CNN had four crews that, to my knowledge, we had four crews that stayed there the whole time.
It was just electric.
We would have a bum rush of 100 reporters.
Are the chads clearly punched out, like what are chads?
That was the beginning of the end for the open government.
We were watching history.
It was, interesting times.
Those comments are from both locals and outside media who lived and worked in close proximity to the 2000 election recount.
Their recollections are colored by their views of the events and the jobs they were performing during those 36 days in Tallahassee.
That election put Tallahassee on the world stage and the area around the Capitol.

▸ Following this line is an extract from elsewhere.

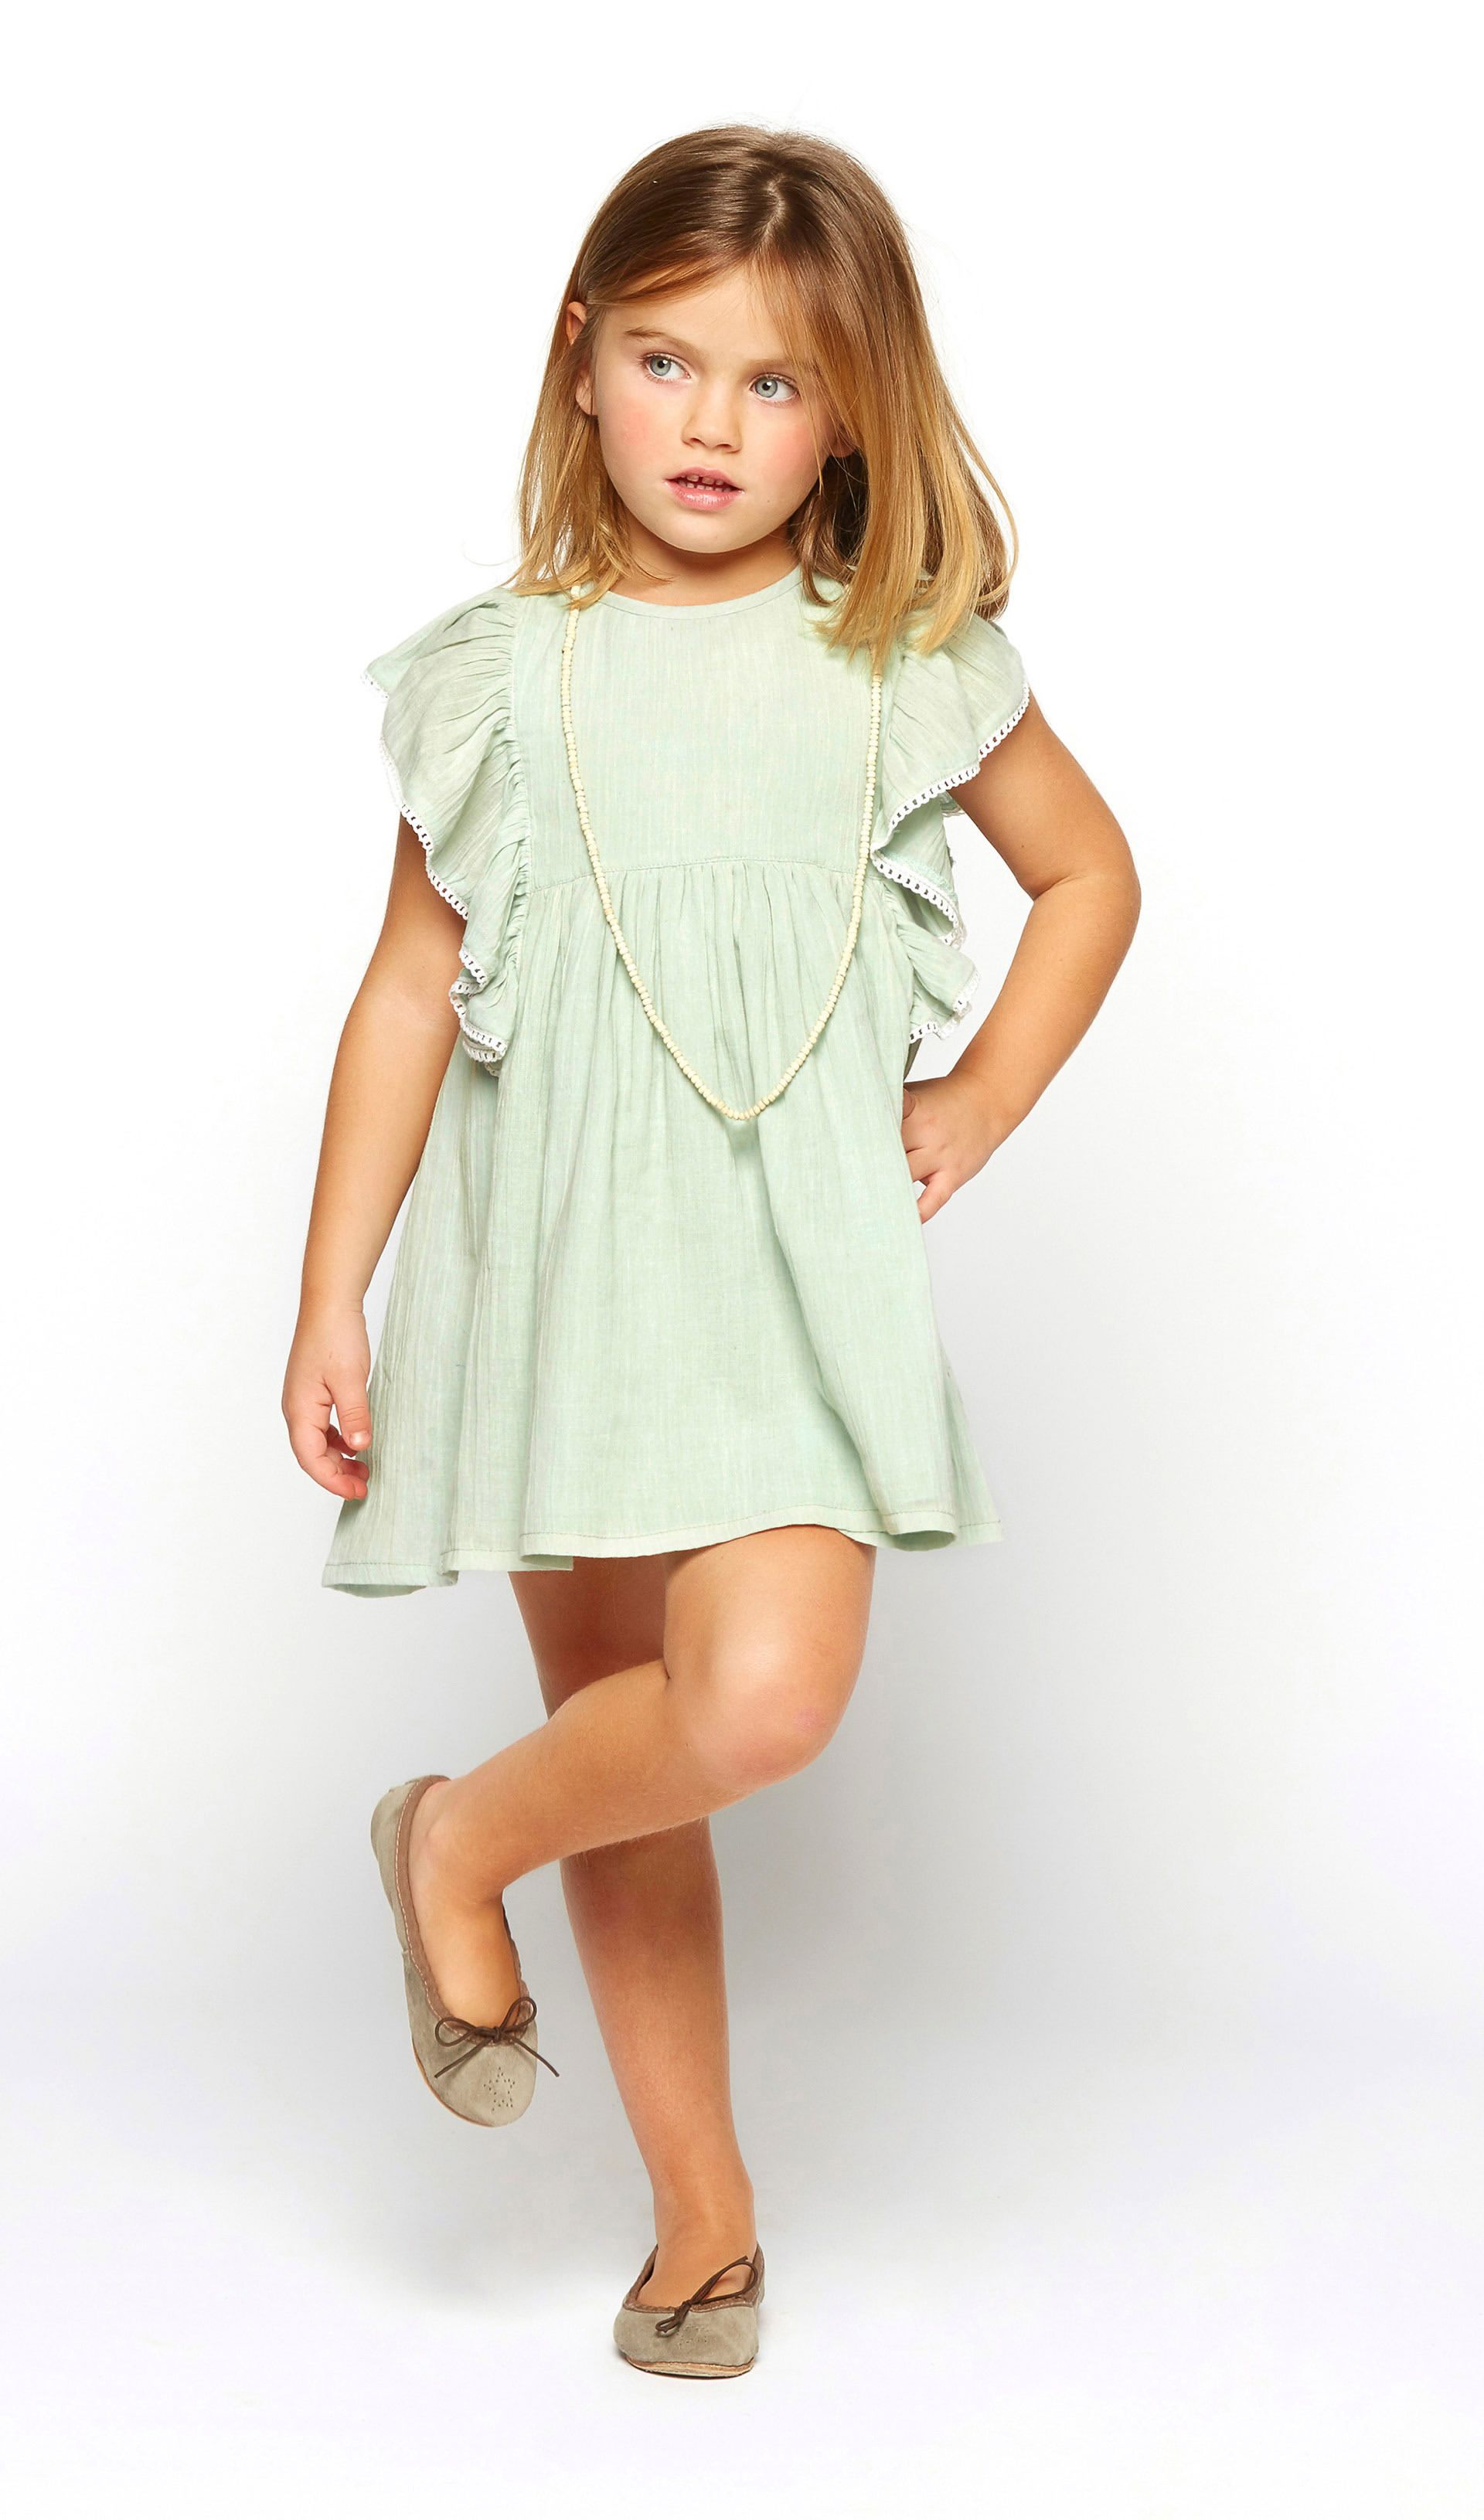 rechazo Círculo de rodamiento apaciguar  Ropa de Niña Online | Nícoli Nicoli L1701046-mna Mini | Moda para niñas,  Ropa de niña online, Vestidos para niñas

The Florida Department of State and the Florida Supreme Court would become ground zero for world news media for almost six weeks.
Those 36 days in Tallahassee changed America, and they are our local history.
The presidential candidates were George W Bush versus Al Gore.
Across Florida, turnout was heavy.
David Folsom was a sergeant in the Tallahassee Police Department supervising the traffic unit.
On the night of the election.
We knew that the election results were coming in, and we expected it late.
We usually work till 11 or 12:00.
And at first, we were getting word that Florida was delayed.
To my knowledge, we weren't actually following the election on television, per se, because we were working.
Rick Flagg was a syndicated news reporter for radio stations across all of Florida.
There had been a lot of election stories.
You know, it's it's inevitable, especially when it's that close.
And we were we were doing the election night returns at my local station because, you know, that's what I did.
And as the results came in and as nothing happened, it's like finally we realized we weren't going to be able to call it.
We weren't going to be able to say anything.
And just get out of the studio, get down to the Capitol and find out what's going on.
Bob Brooks was the Florida based regional manager for Conus, a nationwide satellite TV newsgathering organization.
I had been in Miami covering a football game in Miami, but knew I had to be in Nashville on Tuesday for...at Gore's headquarters for the election night.
I was figuring it'd be one and done.
Hit and run.
Go home.
I was wrong.
By 1 or 2, we saw that this was going to be a really tight race.
Florida had no early voting at the time.
When the sun came up on November 8th.
George W Bush was leading the count, but the outcome was so close, an automatic machine recount was mandated by Florida law.
Ian Sancho was the Leon County Supervisor of Elections and the Florida Supreme Court appointed technical expert for Judge Terry Lewis.
During the court ordered recount of the Palm Beach and Miami-Dade ballots.
We have to put this into context.
Florida did not have good election laws.
Florida did no training of supervisor of elections on a on a regular basis.
And so the combination of bad laws, poor training of election officials, no training of the canvassing board.
And you've got to remember that votes are actually officially tabulated in a county by a three member board called the Canvassing Board.
Each county has a canvasing board.
The canvasing board is chaired by a county judge.
There's a county commissioner and the supervisor of elections.
The county judges and the county commissioners had not a clue how to count votes, but yet they had a majority of the three member board.
That led to a host of problems across the state.
Donald Gaspard was a satellite truck operator contracted to CNN for their election recount coverage.
I was actually in Austin, Texas, at the Capitol, and I was working for Nippon News.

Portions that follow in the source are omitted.